Random forest is a ‘tree‐based’ algorithm where multiple decision trees are built using a random assortment of features that are used to predict an outcome data label (i.e., stigma). Using a ‘majority vote’ system, the multiple decision trees in the random forest model predict a new sample (i.e., tweet), and the ultimate classification of this new sample (i.e., stigmatising or not) is based on the classification predicted by the majority of the decision trees.

Gradient boosting is a machine learning approach for classification problems where ‘tree models’ are composed of thousands of relatively simple decision trees. These models are trained iteratively by combining individual decision trees to optimise a specified evaluation metric. At each iteration, an additional decision tree is added to the “ensemble” of previously trained decision trees.

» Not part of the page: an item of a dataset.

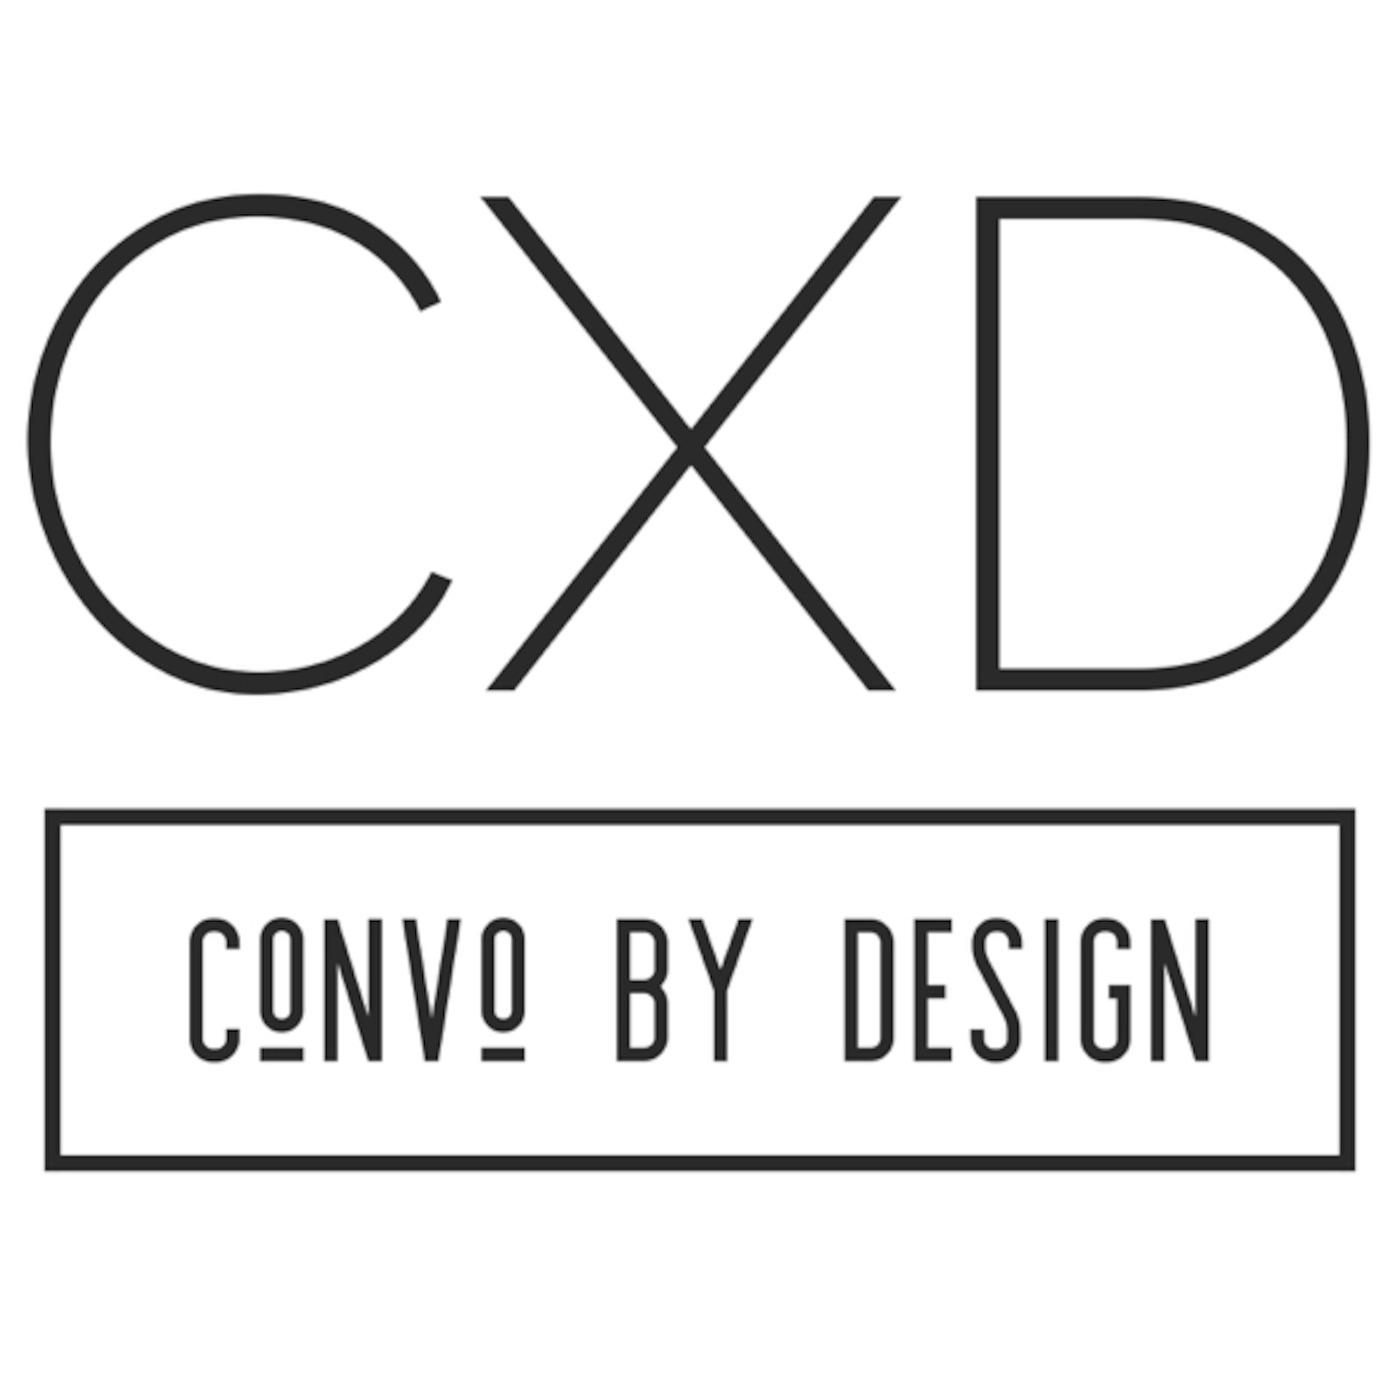 Convo by design with interior designer lori dennis

Each new decision tree considers errors made in the previous iterations. In this way, the model “learns” its own shortcomings and introduces a new decision tree to address them.

The K‐nearest neighbour algorithm is one of the simplest machine learning models. The principle of K‐nearest neighbour is to find a predefined number of training data features (known as K) with known labels closest to the new data point and subsequently predict the new label based on the K‐nearest training points⁴¹. K‐nearest neighbour is a non‐generalising machine‐learning method as it simply ‘remembers’ all of the training data and selects the data labels closest to the new point. Despite its simplicity, K‐nearest neighbour is useful in a large number of classification problems and is often successful in classification situations where the decision boundaries are irregular. Because of this, K‐nearest neighbour is highly sensitive to the local data environments compared with the overall dataset.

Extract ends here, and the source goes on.